Wget Command in Linux with Examples
wget is a powerful, free utility available in the Unix world. It is a command-line tool used for downloading files from the web. wget supports downloading via HTTP, HTTPS, and FTP protocols, the most popular TCP/IP-based protocols used for web browsing and file transfer on the internet.
One of the key features of wget is its ability to work in the background and complete downloads non-interactively. It can resume aborted downloads, which is a boon when dealing with large files or unstable network connections. wget can also mirror websites, allowing offline browsing and local site backups.
Installation
Before diving into the wget command’s usage, it’s essential to ensure it‘s installed on your system. Most Linux distributions include wget by default. However, if it’s not present, you can install it using the package manager of your distribution. For Debian-based systems like Ubuntu, use the apt
command:
sudo apt install wget
For Red Hat-based systems like CentOS, use the yum
command:
sudo yum install wget
Downloading Files
Download a Single File
The basic syntax for downloading a single file with wget is straightforward. Simply type wget
followed by the URL of the file you want to download. For example:
wget http://example.com/file.iso.
Downloading Multiple Files
To download multiple files, you can use the -i
option followed by a file containing a list of URLs. Each URL should be on a separate line. For instance:
wget -i urls.txt
Resume Interrupted Downloads
If a download is interrupted, you can resume it using the -c
option. This is particularly useful for large files or unstable internet connections.

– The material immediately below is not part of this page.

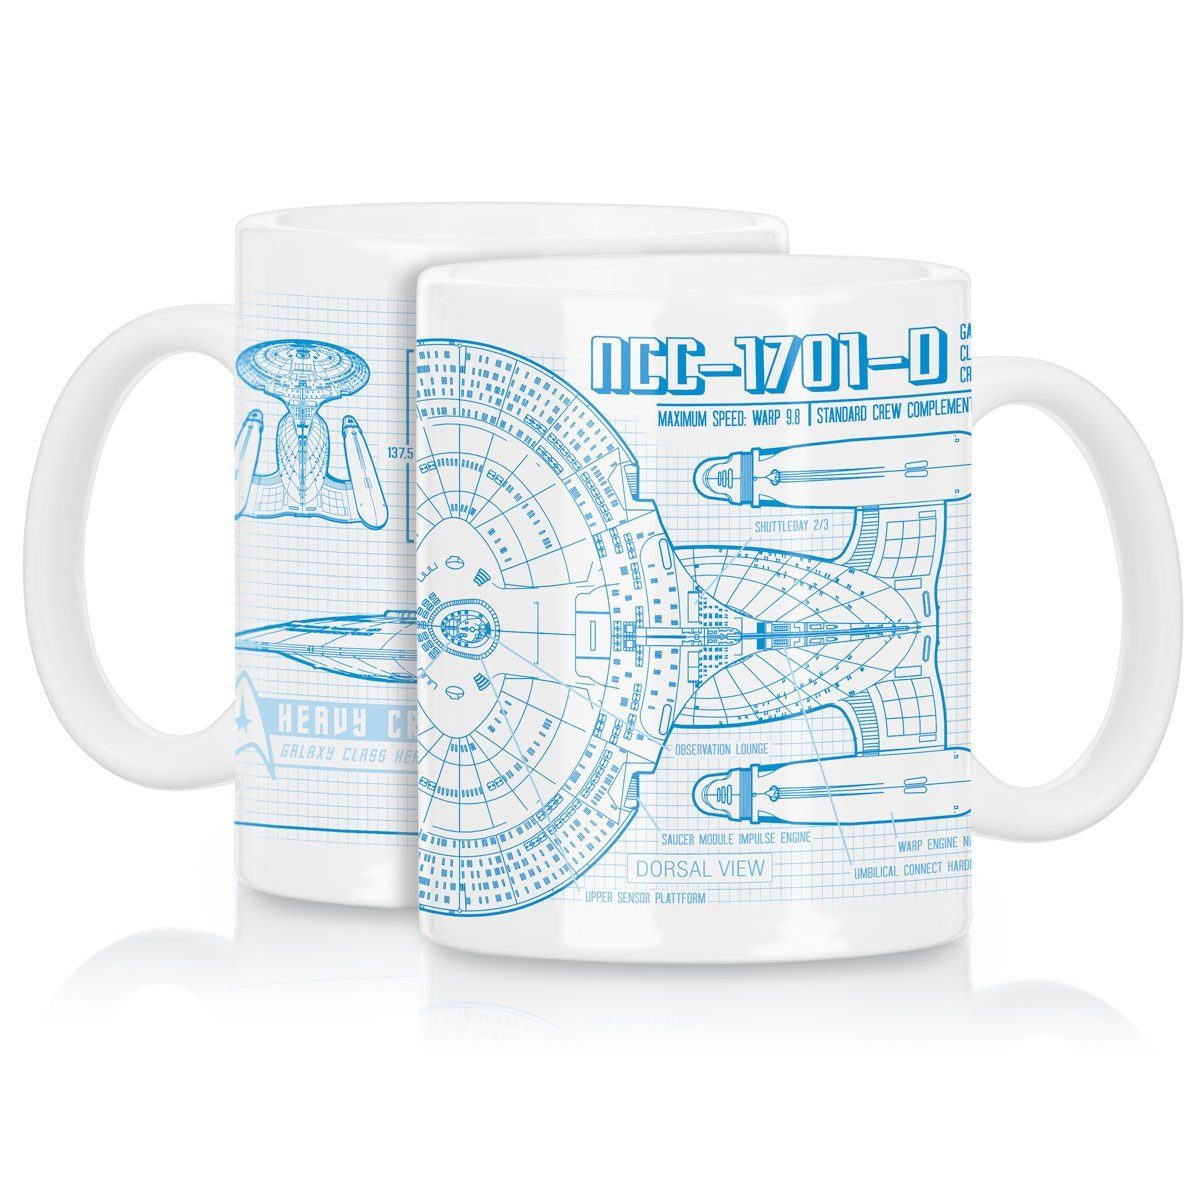 style3 Tasse, Keramik, NCC-1701-D nächste jahrhundert raumschiff trekkie Kaffeebecher Tasse trek das enterprise star
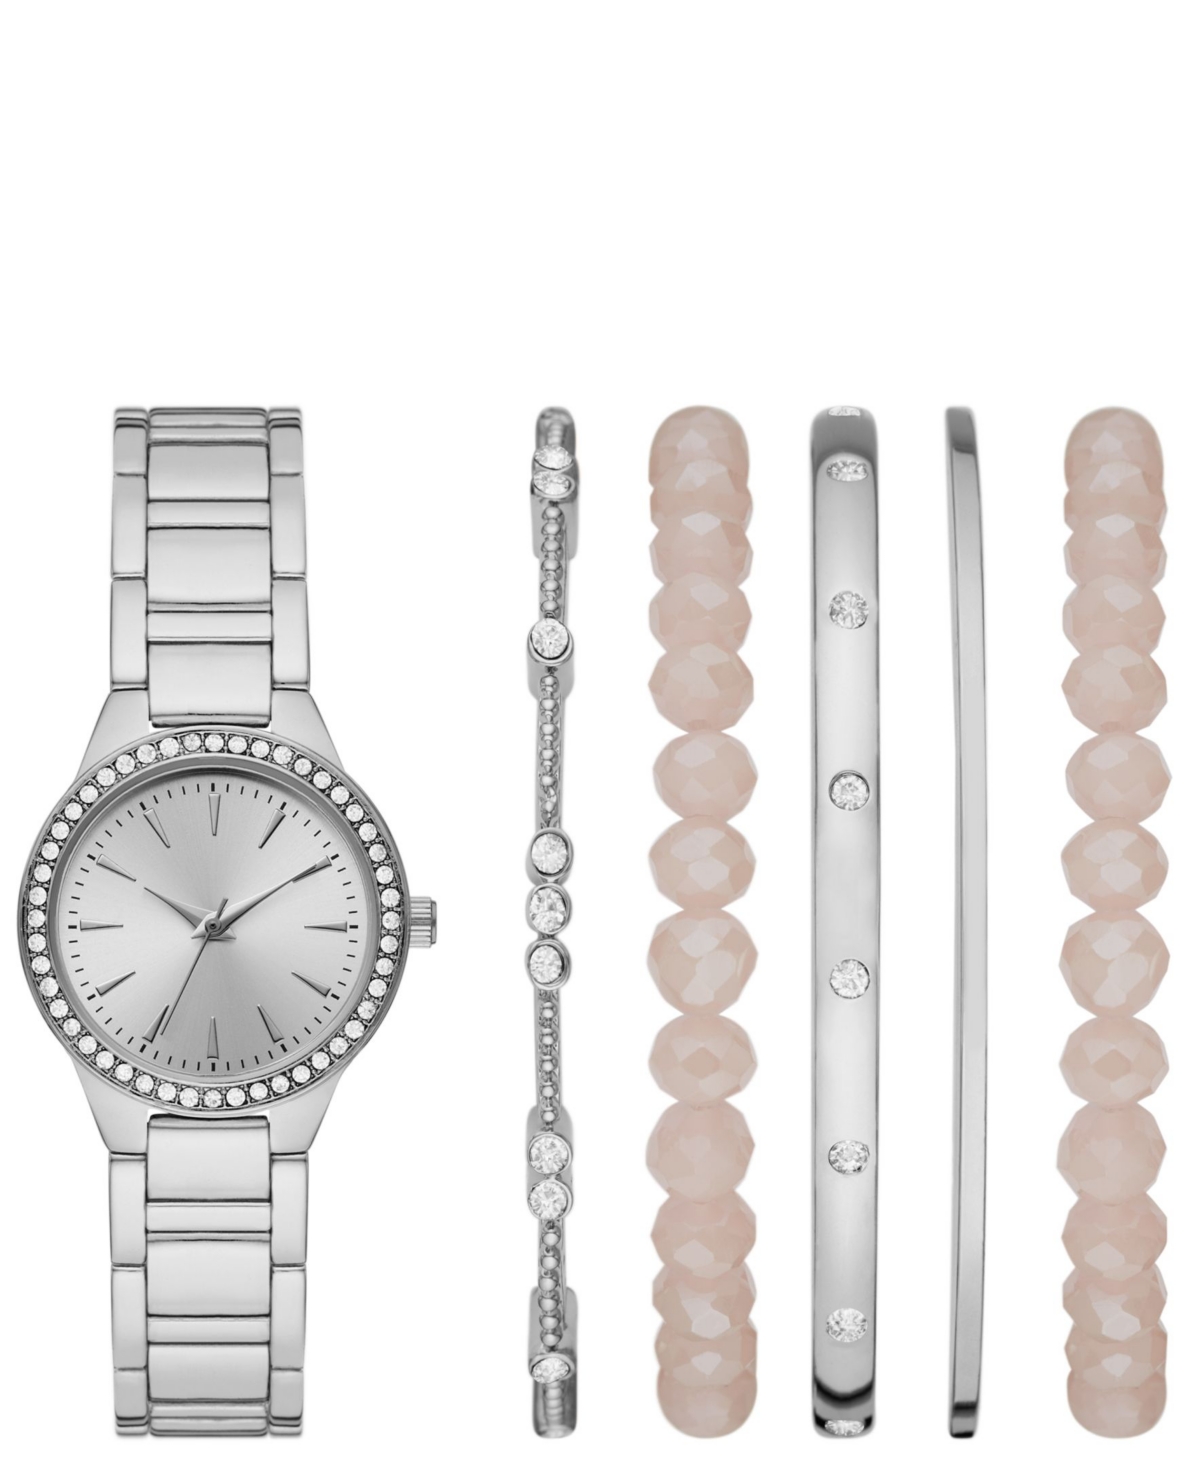 Folio Women's Silver Bracelet Watch Gift Set, 30mm

wget -c http://example.com/largefile.iso
Retry Failed Downloads
The --tries
option allows you to specify the number of retries if a download fails. For example, to retry a download five times before giving up, you would use:
wget --tries=5 http://example.com/file.txt
Limit Download Speed
To prevent wget from consuming all your bandwidth, you can limit the download speed using the --limit-rate
option. For example, to limit the download speed to 200k, use:
wget --limit-rate=200k http://example.com/file.txt
Download in Background
The -b
option allows wget
to run in the background, freeing up your terminal for other tasks. The download progress is logged to a file named wget-log
in the current directory.
wget -b http://example.com/file.txt
Advanced Usage
Mirror a Website
Wget can mirror an entire website for offline viewing using the -r
, -p
, and -k
options. The -r
option enables recursion, -p
downloads all files necessary to display the page properly, and -k
converts links for offline viewing.
wget -r -p -k http://example.com
Spider a Website
The --spider
option allows wget
to behave like a web spider, checking for broken links without downloading anything. This is useful for web developers checking their sites for broken links.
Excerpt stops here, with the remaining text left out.